Macro text replacement seems like the "cleverest" way to attempt to achieve this but I would obviously welcome any other ideas to get something like this to work.

推荐答案

宏文本替换不是您的问题的解决方案，因为索引i仅在运行时才知道.宏甚至在编译开始之前就已处理.

Macro text replacement is a non-solution to your problem because the index i is known only at runtime. Macros are processed before compilation even begins.

如果N在编译时未知，那么您将需要使用条件结构和可能的循环的某种组合.如果KeyClass*的数量是固定的(似乎是这种情况)，则您可以执行以下操作:

If N is not known at compile-time, then you will need to use some combination of conditional structures and possibly a loop. If the number of KeyClass*es are fixed (which appears to be the case), you may be able to do something like this:

void Foo(int N, Array& array, const Bar& arg)
{
    if(N > 3 || N <= 0) return;
    Data* data = array[0]->find(KeyClassA(arg.fieldA));
    // DoSomething(data);
    if(N == 1) return;
    data = array[1]->find(KeyClassB(arg.fieldB));
    // DoSomething(data);
    if(N == 2) return;
    data = array[2]->find(KeyClassC(arg.fieldC));
    // DoSomething(data);
}

将所有通用代码放入DoSomething()函数中(最好使用更好的函数名)，这样您就不必重复输入N的所有可能有效值了.

Put all the common code in the DoSomething() function (preferably using a better function name) so you don't repeat yourself for all possible valid values for N.

如果N在编译时是已知的，则只需展开循环即可.

If N is known at compile-time however, you can simply unroll the loop.
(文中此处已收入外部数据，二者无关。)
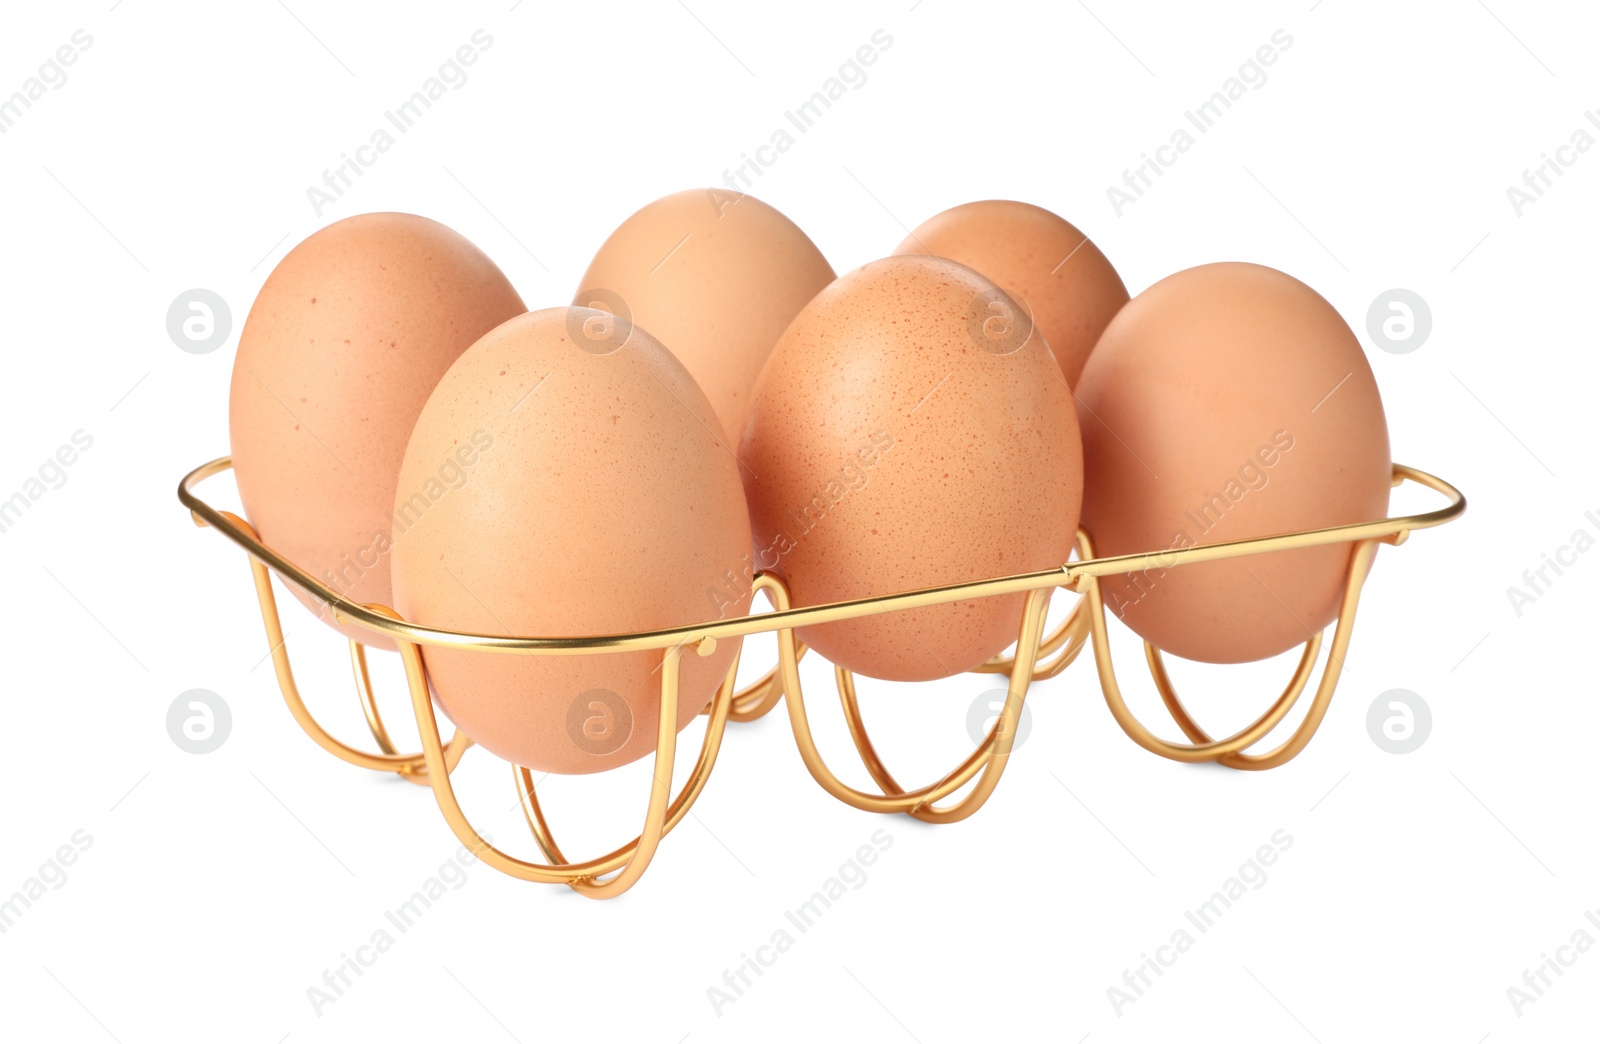 Photo of Golden metal egg tray on white background

void Foo(Array& array, const Bar& arg)
{
    Data* data = array[0]->find(KeyClassA(arg.fieldA));
    // DoSomething(data);
    data = array[1]->find(KeyClassB(arg.fieldB));
    // DoSomething(data);
    data = array[2]->find(KeyClassC(arg.fieldC));
    // DoSomething(data);
}

如果您不想自己展开循环，甚至可以看上模板元编程，尽管这可能对您正在做的事情来说是过大的:

You can even get fancy with template metaprogramming if you much rather not unroll the loop yourself, although this might be overkill for what you're doing:

// The basic idea using template specializations
template<int i> 
struct GetKey; 

template<> 
struct GetKey<0> 
{ 
    KeyClassA From(const Bar& arg) { return KeyClassA(arg.fieldA); } 
}; 

template<> 
struct GetKey<1> 
{ 
    KeyClassB From(const Bar& arg) { return KeyClassB(arg.fieldB); } 
}; 

template<> 
struct GetKey<2> 
{ 
    KeyClassC From(const Bar& arg) { return KeyClassC(arg.fieldC); } 
}; 

template<int i, int N>
struct Iterate
{
    static void Body(Array& array, const Bar& arg)
    {
        Data* data = array[i]->find(GetKey<i>().From(arg));
        // DoSomething(data);
        Iterate<i+1, N>::Body(array, arg);
    }
};

template<int N>
struct Iterate<N, N>
{
    static void Body(Array& array, const Bar&) {}
};

void Foo(Array& array, const Bar& arg)
{
    Iterate<0, 3>::Body(array, arg);
}

这篇关于有条件的宏文本替换的文章就介绍到这了，希望我们推荐的答案对大家有所帮助，也希望大家多多支持IT屋！